Apple has a reported $135 billion in cash on hand. That’s more than the net value of all but about 20 of the companies listed in the S&P 500. It also adds up to about $145 in cash for every outstanding share. With just over a year having passed since Apple’s initial announcement of its dividend, there’s been much speculation that a new hike in the dividend is on its way.
2. Alexander’s (ALX)
Dividend rate: 11.00
Headquarters: Paramus, N.J.
Business: REIT that owns retail and office space in the New York City area
The New York metro area was one of the few places in the country where the real estate market never really sagged too much, so Alexander’s has been well-positioned to stay strong over the past five years. In addition to several shopping centers, the REIT also owns the Bloomberg Building, namesake of the media baron cum mayor. Last December, Alexander’s issued a special dividend of $120.

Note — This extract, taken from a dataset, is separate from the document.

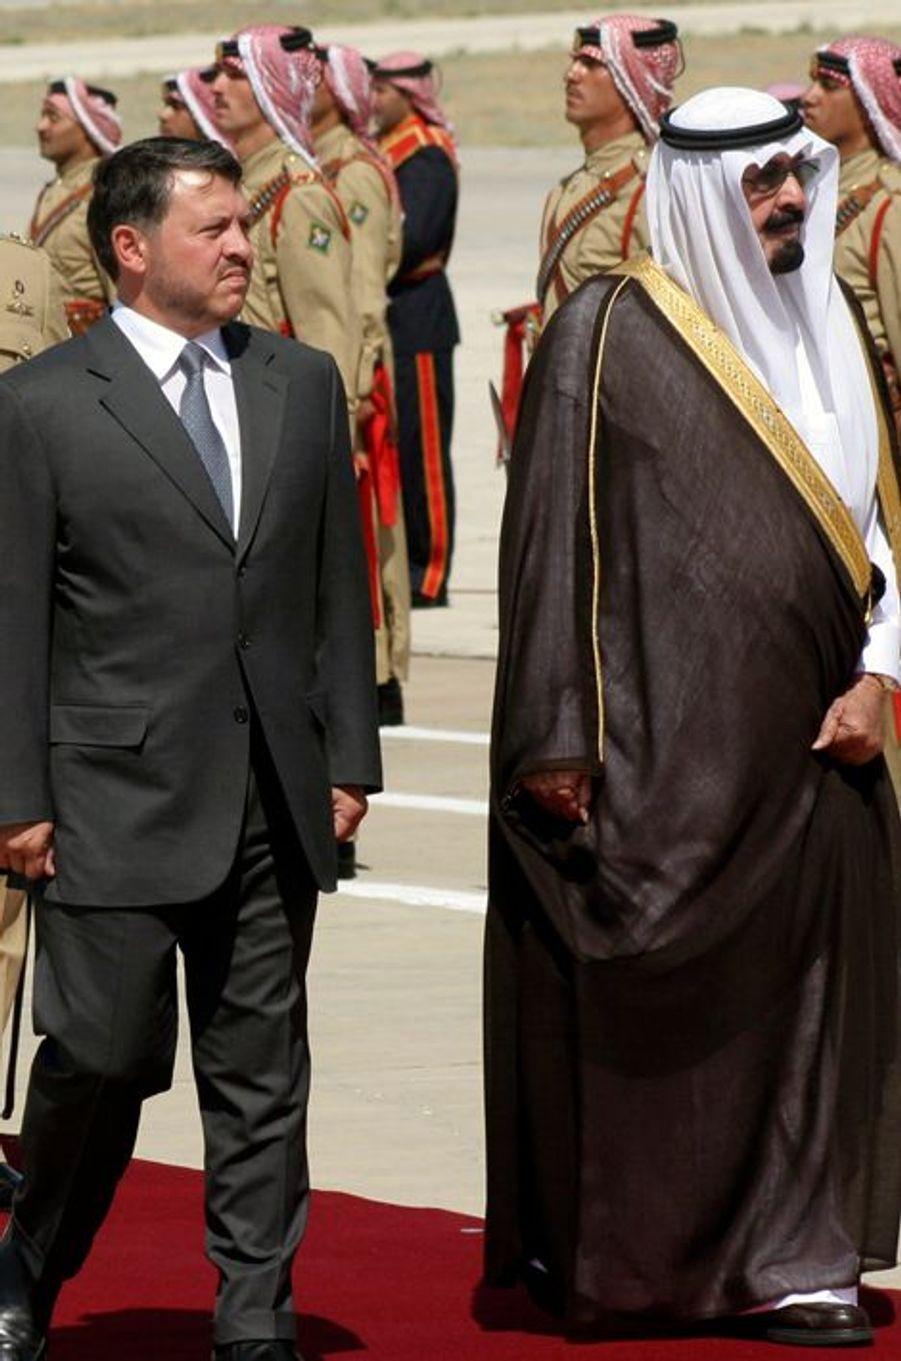 Le roi Abdallah avec le roi Abdallah II de Jordanie à Amman, le 27 juin 2007

1. Terra Nitrogen LP (TNH)
Dividend rate: 14.52
Headquarters: Deerfield, Illinois
Business: Limited partnership that makes and sells nitrogen fertilizer products
Terra has profit margins of 41 percent and operating margins of 72 percent. Earnings have been growing at 50 percent a year, and the company has no debt. The share price is up about 150 percent in the past three years. All in all, it’s a great time to buy fertilizer.